Skiing is a sport that crosses the line between sheer elation and sheer terror, and the only thing holding you to the right of this line is your own ability to stay upright at speed. Achieving this requires hard-working skills and your muscles to be prepared for the demands of the slopes, so it's important to warm up before skiing.

We asked Team GB freestyle skiers and PT Rowan Cheshire what makes you a day on the mountain and was good enough to do this ten-minute warm-up before skiing. Cheshire takes a resistance band to help warm up. So if you have a spare bag in the ski pants, you know exactly what you need to bring.

10-Minute Ski Warm-Up

Ace In all sports, the benefits of a warm-up are well known and are largely ignored by people who only want to get into the action, but here's a hint Why you should warm up.

"You have to get it the muscles are moving and the blood is flowing around the body," says Cheshire. "This helps to prevent injuries and helps you to drive longer and better."

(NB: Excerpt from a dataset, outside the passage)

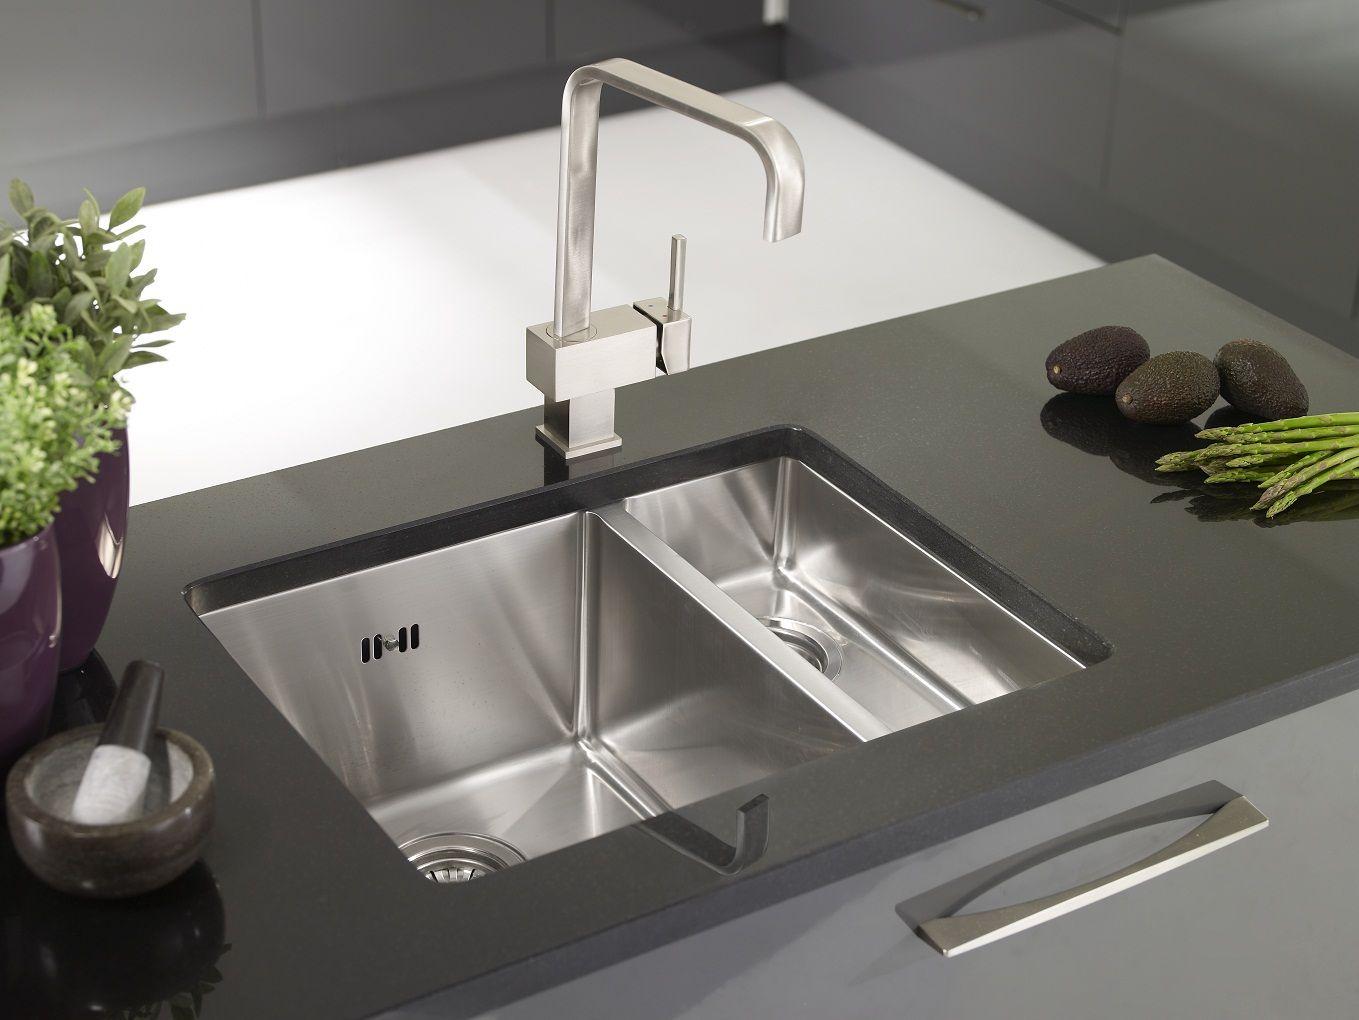 Tuscan Sinks Premium Square 1 5b Undermounted Tuscan Kitchen
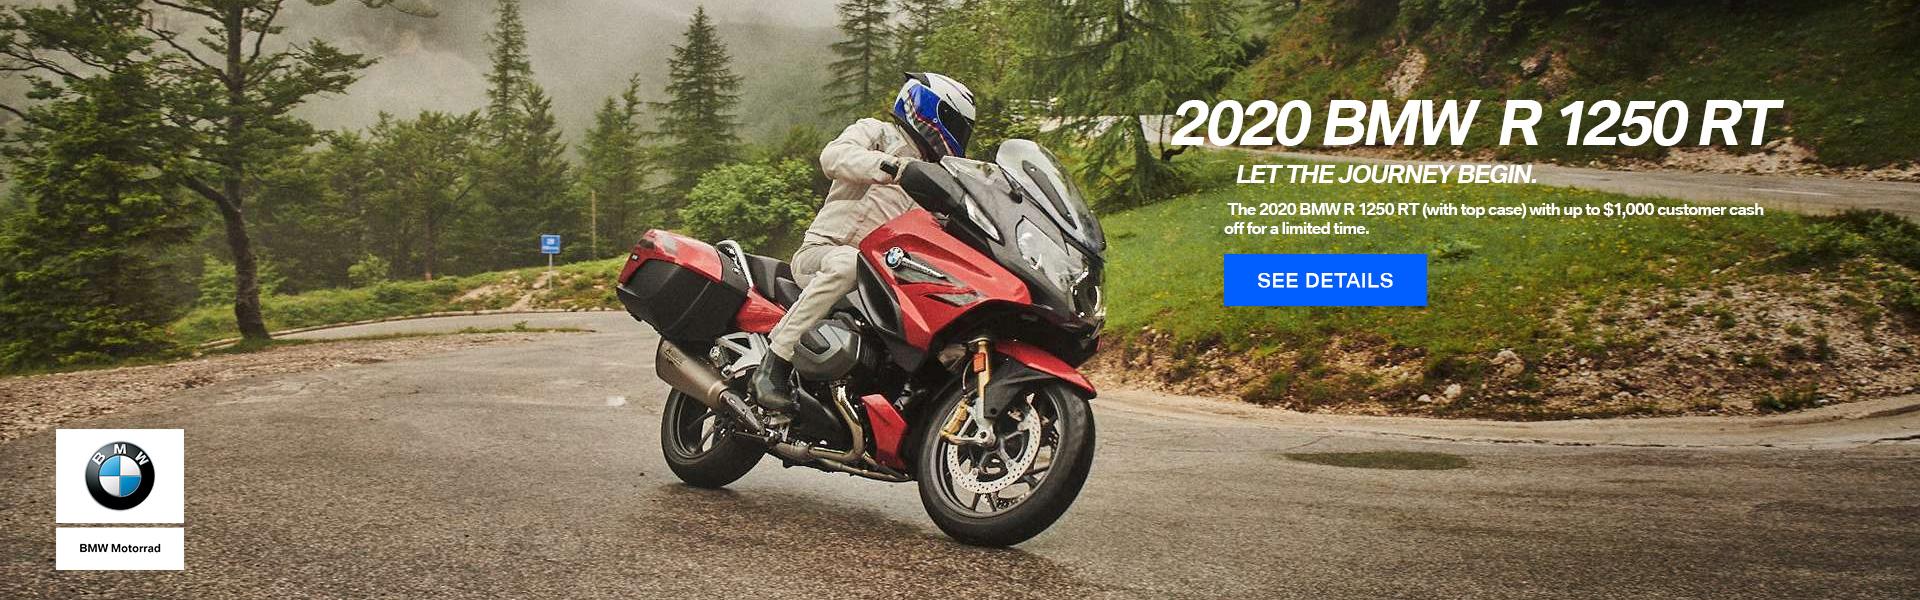 2020 BMW R 1250 RT + Top Case

Better skiing, longer skiing, safe skiing. Roger that? Well. Here's what to do The entire routine should not take more than ten minutes, divided into the following exercises:

Squat

Loop the strap around your thighs and stand up with your legs spread open, leaving tension in place Band arises. Bend your knees and push your hips back to squat until your thighs are parallel to the floor, then push them back up.

Walking squat

Hold the strap around your thighs and plunge into another squat. Stay low this time and take small steps forward and backward. You can do this and squat without resistance band if you have not thought of packing one.

Leg swings

"This helps to loosen the hips and allow the blood to flow around your legs," says Cheshire.

When standing, lift one leg and swing it from front to back and from side to side to gradually increase the range of motion. Repeat with the other leg. If you are not balanced, put your skis in the snow and lean on them.

Longe

Step out of the stance and lower it until both knees are bent 90 °. Stay deep, bring your hind foot through and step right into another lunge. If you have no space for the walking lunge, the normal lunge is sufficient on the spot.

Clock Longe

Any kind of lunge variation helps to prepare your legs for skiing along with the clock lunge. Start with a standard lunge, then jump to the right, then do a reverse lunge and finally a lunge to the left. Or you can run all 12 digits of the clock if you have the time.

Torso Rotation

This prepares the body for the rotational movements that occur during skiing. Stand with your arms outstretched by the sides and twist your torso from side to side.